| Activity |
From the entries below, output the line with "Esculturas de Valledupar" and each following line up to and including the line with "Bài giảng Kỹ", exactly as written.

| Extracted material |
========================================
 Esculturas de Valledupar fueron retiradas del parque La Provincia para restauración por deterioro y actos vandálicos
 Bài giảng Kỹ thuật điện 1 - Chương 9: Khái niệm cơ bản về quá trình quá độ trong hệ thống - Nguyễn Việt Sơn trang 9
========================================
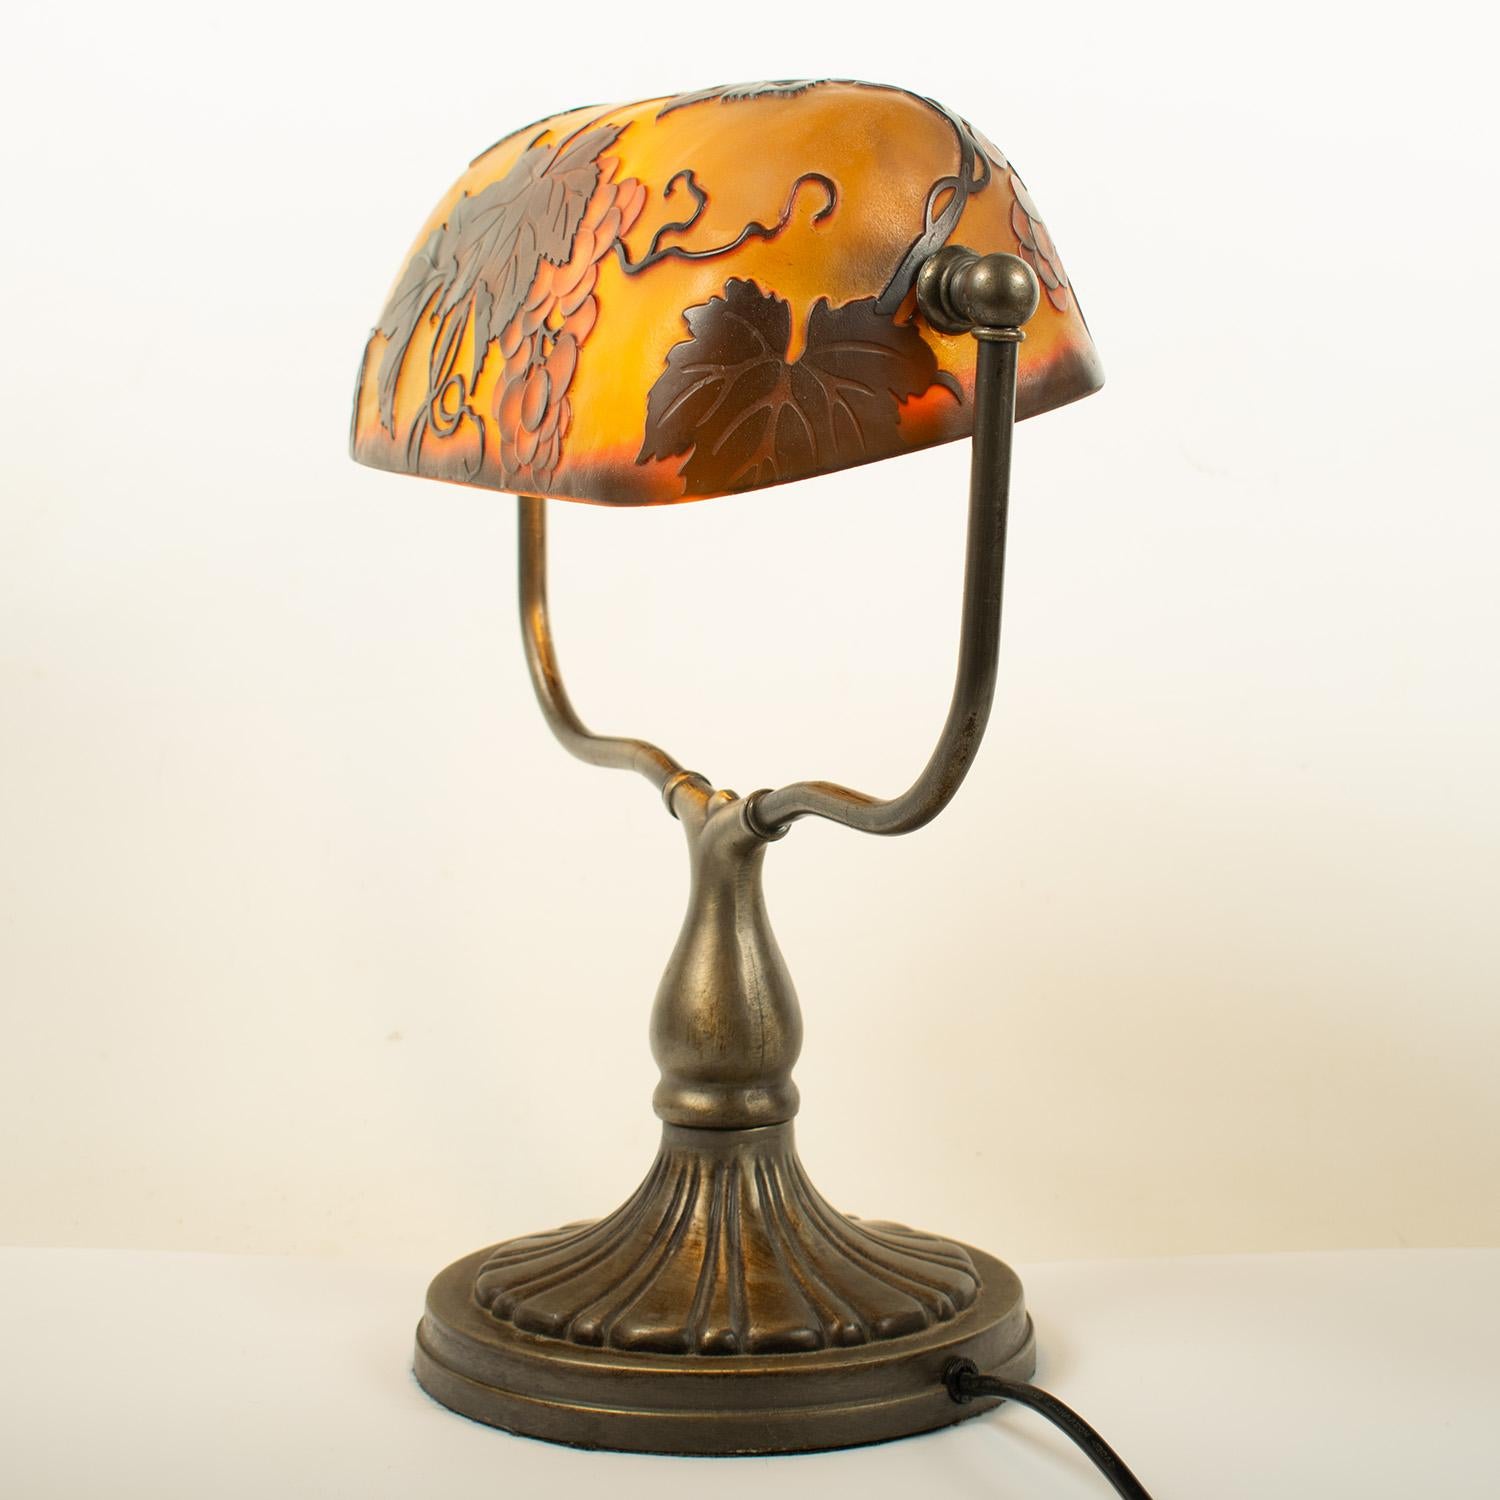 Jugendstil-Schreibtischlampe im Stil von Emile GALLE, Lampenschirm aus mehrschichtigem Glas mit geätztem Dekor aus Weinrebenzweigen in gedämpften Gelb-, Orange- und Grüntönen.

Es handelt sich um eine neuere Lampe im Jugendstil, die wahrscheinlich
========================================
| Task output |
 Esculturas de Valledupar fueron retiradas del parque La Provincia para restauración por deterioro y actos vandálicos
 Bài giảng Kỹ thuật điện 1 - Chương 9: Khái niệm cơ bản về quá trình quá độ trong hệ thống - Nguyễn Việt Sơn trang 9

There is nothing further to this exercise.